Another reason to use XFS -- it doesn't have per-inode hard link limits.

(Some say ZFS as well, but it's not nearly as easy to use, and its license is still not GPL-friendly.)

burnt-resistor · 2026-04-10T20:11:45 1775851905

xfs on mdraid is what I use on my homelab NAS across several giant RAID arrays. While it lacks some integrity and CoW features, it's really, really stable. I had ZoL ZFS troubles that the maintainers shrugged off requiring transferring everything to another volume.. so I won't ever use or recommend ZFS unless it's Sun-Oracle.

bravetraveler · 2026-04-10T14:02:28 1775829748

As is always the case, short vs long term... but I think I'd put effort into migrating to a filesystem that is aware of duplication instead of trying to recreate one with links [while retaining duplicates, just fewer].

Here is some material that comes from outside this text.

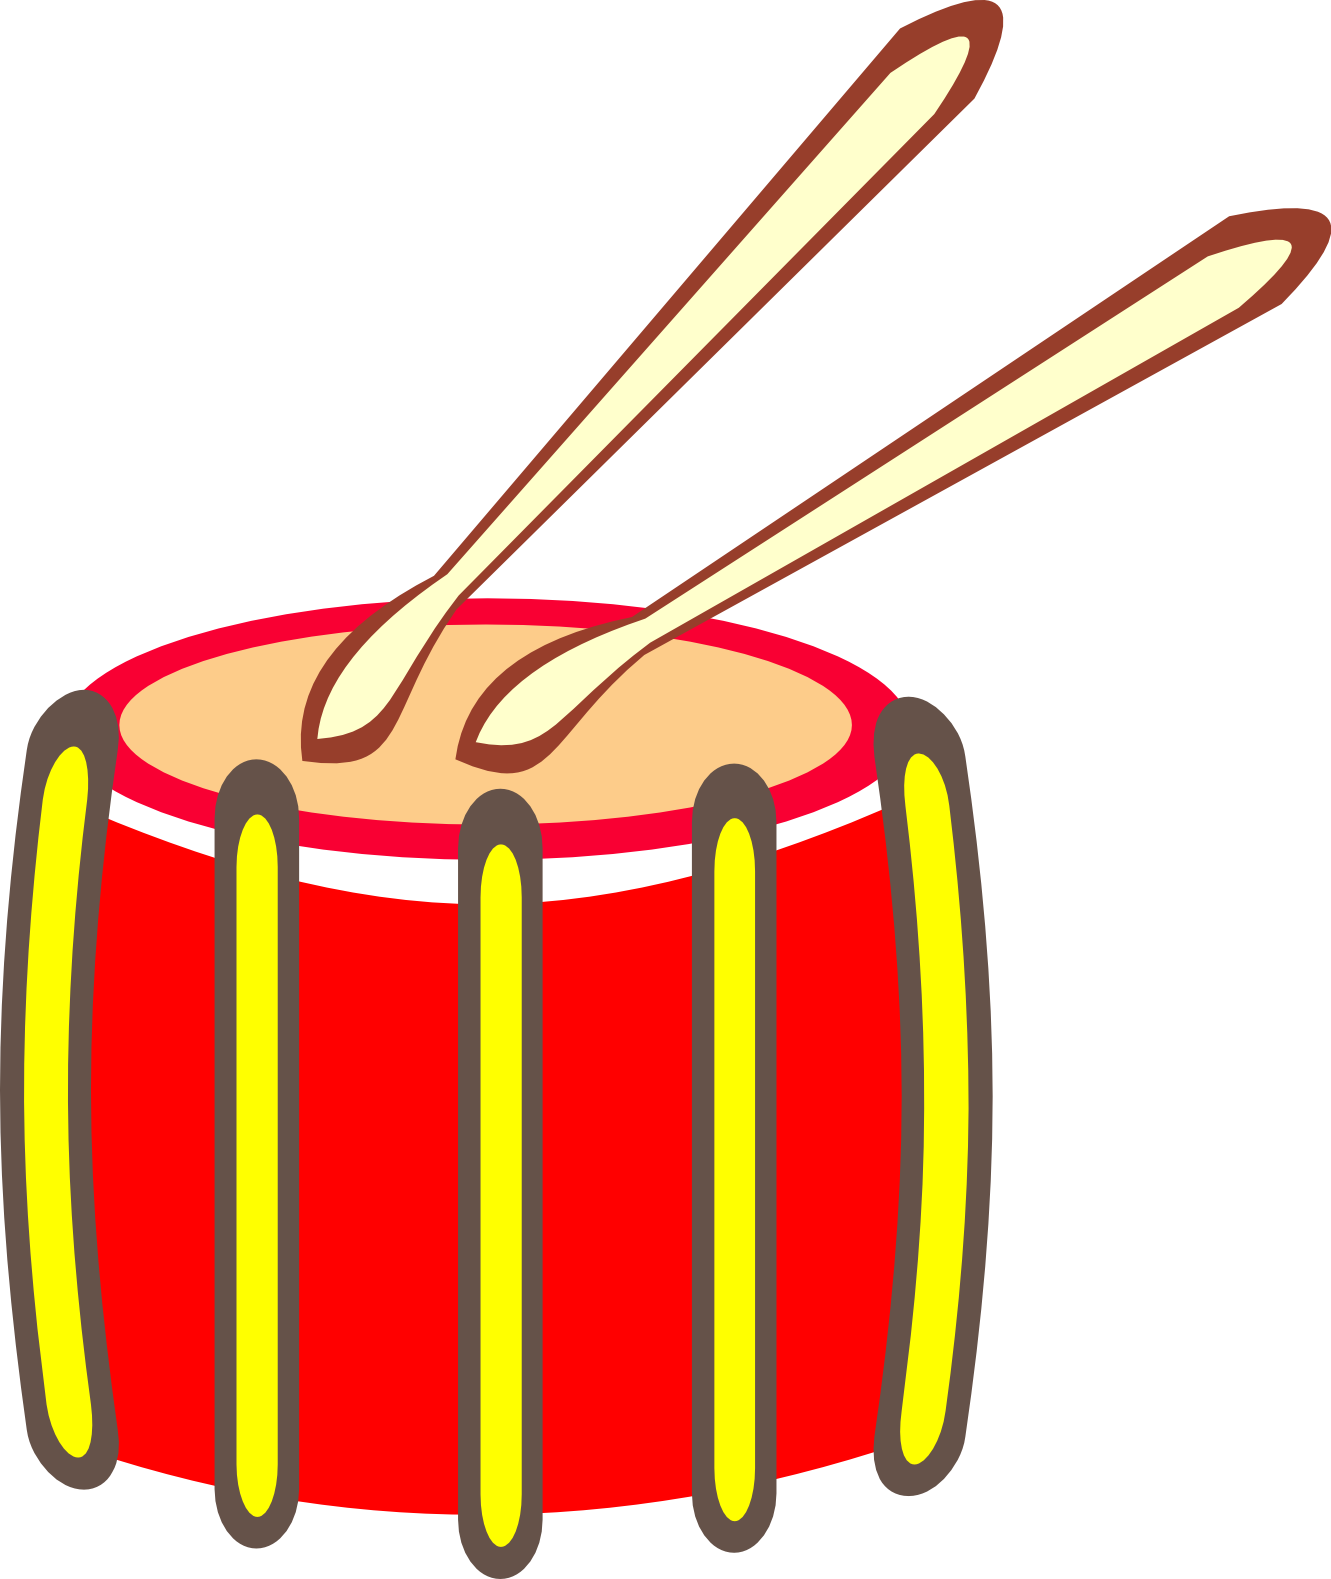 Drums Clip Art   Images   Free For Commercial Use

Effectiveness is debatable, this approach still has duplication. An insignificant amount, I'll admit. The filesystem handling this at the block level is probably less problematic/prone to rework and more efficient.

edit: Eh, ignore me. I see this is preparing for [whatever filesystem hosts chose] thanks to 'ameliaquining' below. Originally thought this was all Discourse-proper, processing data they had.

ameliaquining · 2026-04-10T14:28:40 1775831320

Discourse is self-hostable; they can't require their users to use a filesystem that supports deduplication. (Or, well, they could, but it would greatly complicate installation and maintenance and whatnot, and also there would need to be some kind of story for existing installations.)

bravetraveler · 2026-04-10T14:32:06 1775831526

Fair, I am/was confused by the hosting model and presentation. This is a nice User-preparation/consideration, I guess. I still maintain a backup filesystem unaware of duplication at the block level is a mistake.

I completely overlooked the shipping-of-tarballs. Links make sense, here. I had 'unpacked' and relatively-local data in mind. Absolutely would not go as far to suggest their scheme pick up 'zfs {send,receive}'/equivalent, lol.

ameliaquining · 2026-04-10T19:03:57 1775847837

They do also offer it as multi-tenant hosted SaaS, and the post is about their experience running backups on that. But whatever solution they use has to also work with the self-hosted version, which imposes some constraints.

bravetraveler · 2026-04-10T19:27:28 1775849248

Sweet

UltraSane · 2026-04-10T14:20:23 1775830823

This makes them look rather incompetent. Storing the exact same file 246,173 times is just stupid. Dedupe at the filesystem level and make your life easier.